Я представил, как перед статуей лунной богини мы поставим два кувшина этой самой, грешной краденной, вишни.

– И кроме блуждающих огней меня ещё тяготит погода. Вот очень, – сказав это, госпожа Бёме резко села на кровати, обняв колени и уткнувшись в них лицом.
– Да, я уже успел забыть, как наш, зимний и осений, Темперанс выпивает и вымывает энергию из меня. Мне кажется, я бы никогда не смог к этому привыкнуть. Как хорошо всё-таки, что девять курсов я учился в столице, а здесь получал лишь образование второй ступени, – и ещё добавил, вспоминая разговоры отца и Озрика за вечерним виски, – возможно, тебе больно заниматься творчеством в том числе из-за тех же самых психологических механизмов, которые обеспечивают продолжительную фиксацию на тех темах, которые тебе так дороги и интересны – то самое удержание внимания на долгий срок, без чего нельзя заниматься творчеством, по крайней мере, крупной или долгой формой.

– Если ты прав, то это хорошо.

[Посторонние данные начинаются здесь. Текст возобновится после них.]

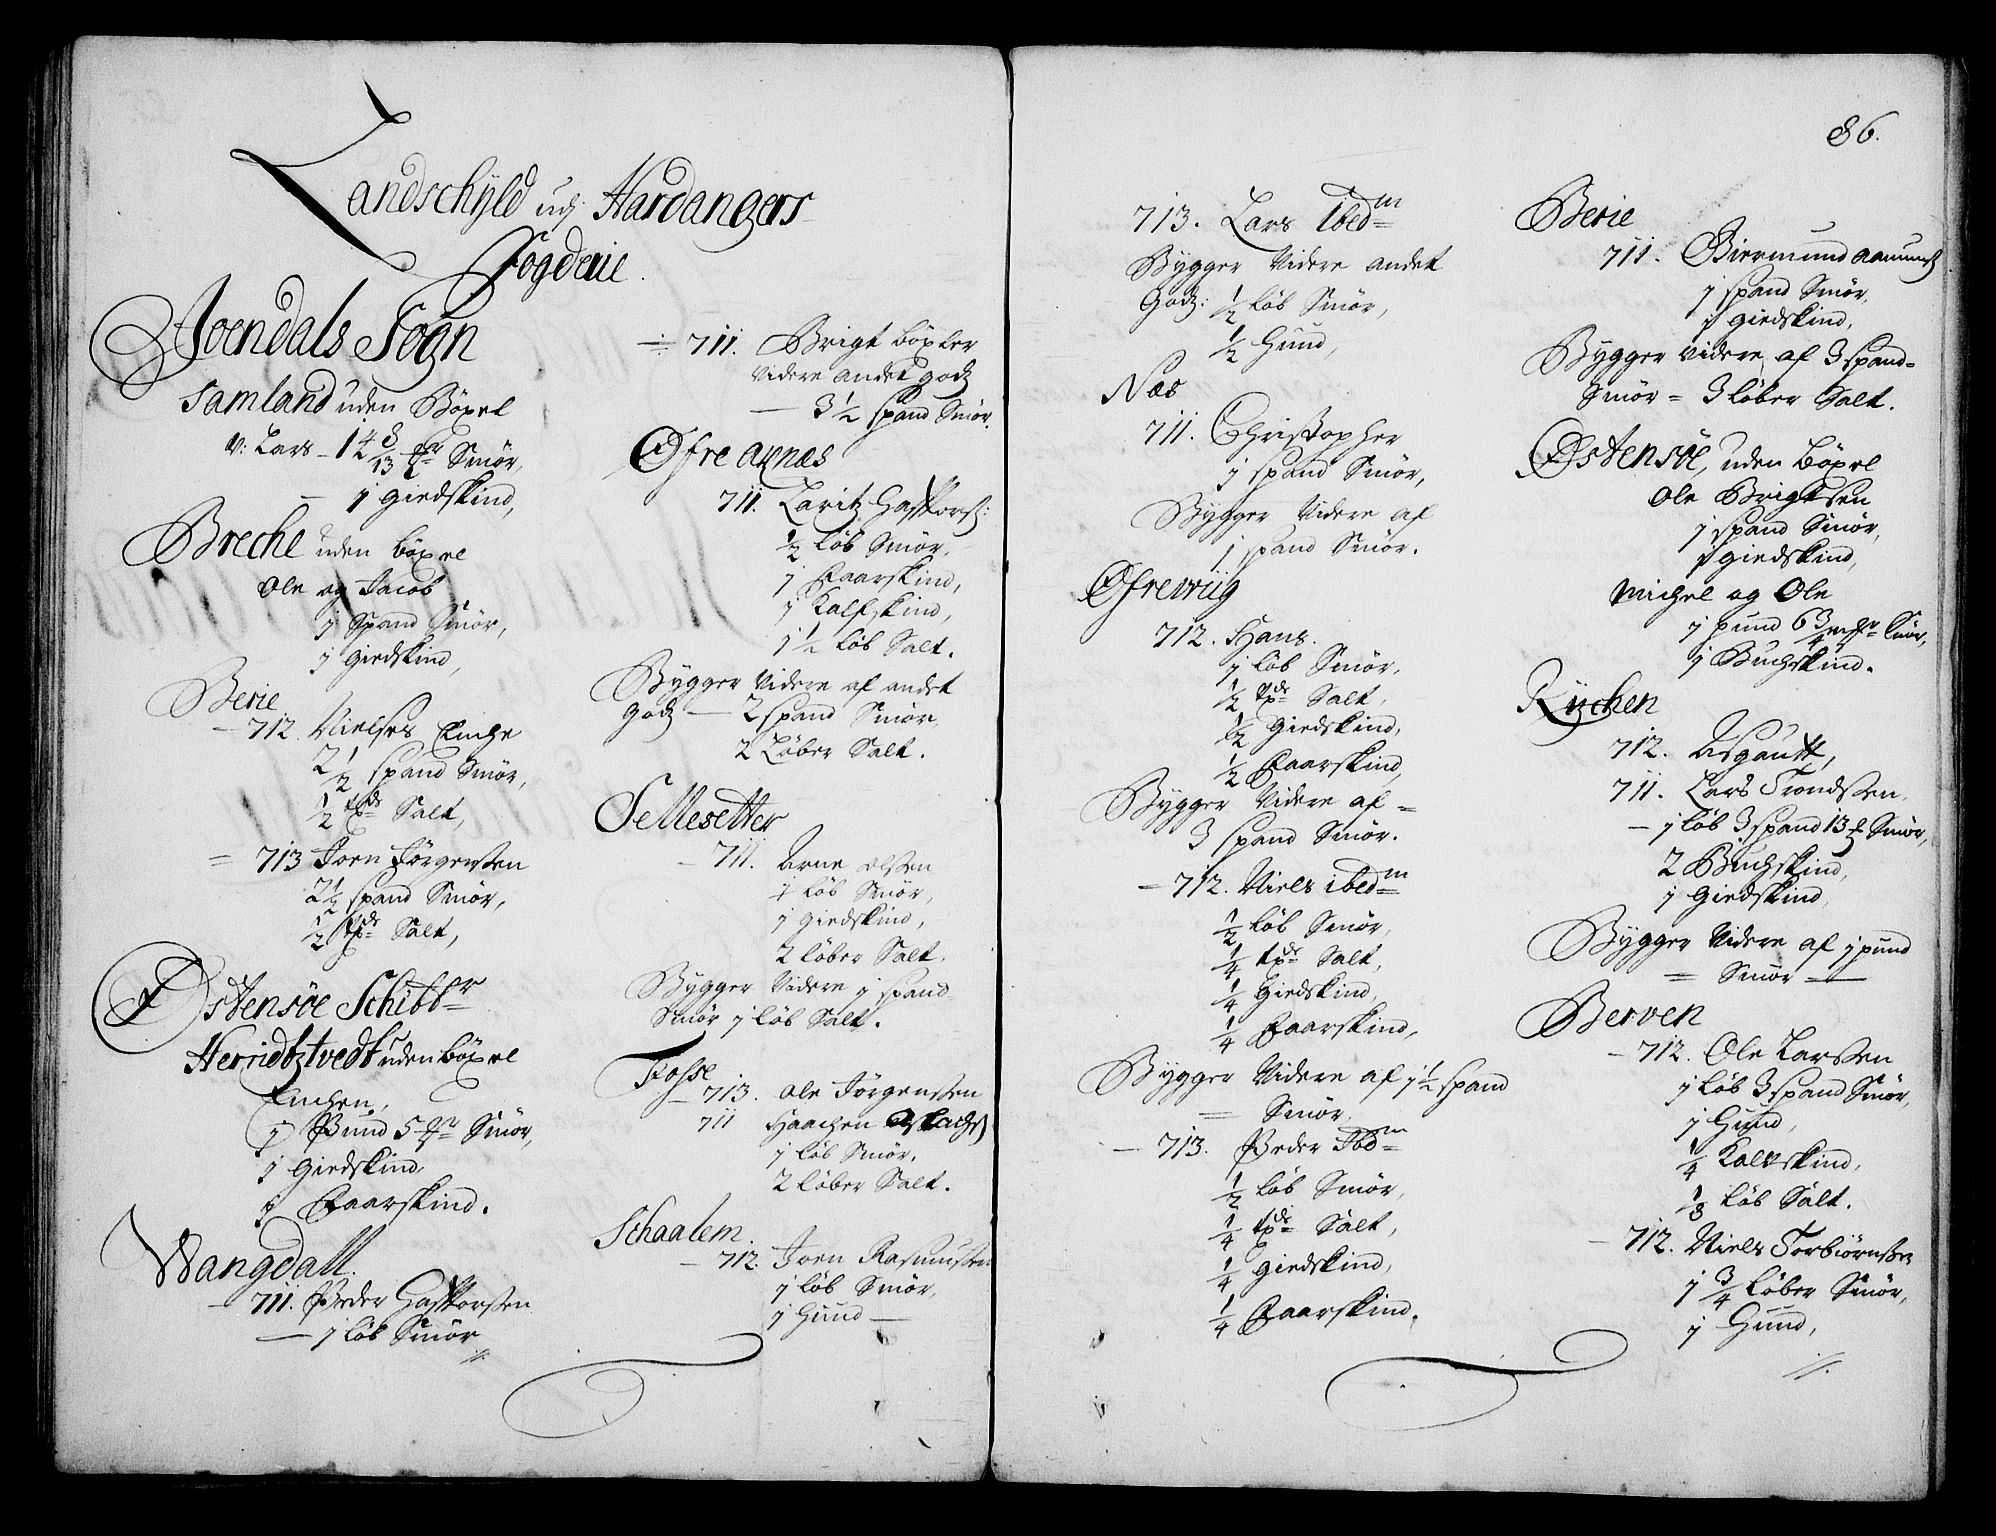 RA, Rentekammeret inntil 1814, Realistisk ordnet avdeling, On/L0003: [Jj 4]: Kommisjonsforretning over Vilhelm Hanssøns forpaktning av Halsnøy klosters gods, 1712-1722, s. 85b-86a

Лучше с вот этим вот всем, чем без творчества, иначе в моей, – она подчеркнула это слово с нажимом, – жизни не будет ничего ценного.
– Ты чудо, талантливое чудо, – я хотел подпустить в голос медовые полутона, но получилось слишком-простуженно из-за погоды, ну вот.

…Разгоряченные пуншем, мы заснули до вечера.
Хорошо, что метель продолжала идти всю неделю, и совсем не было липкого дождя, привидившегося мне сегодня в кошмаре.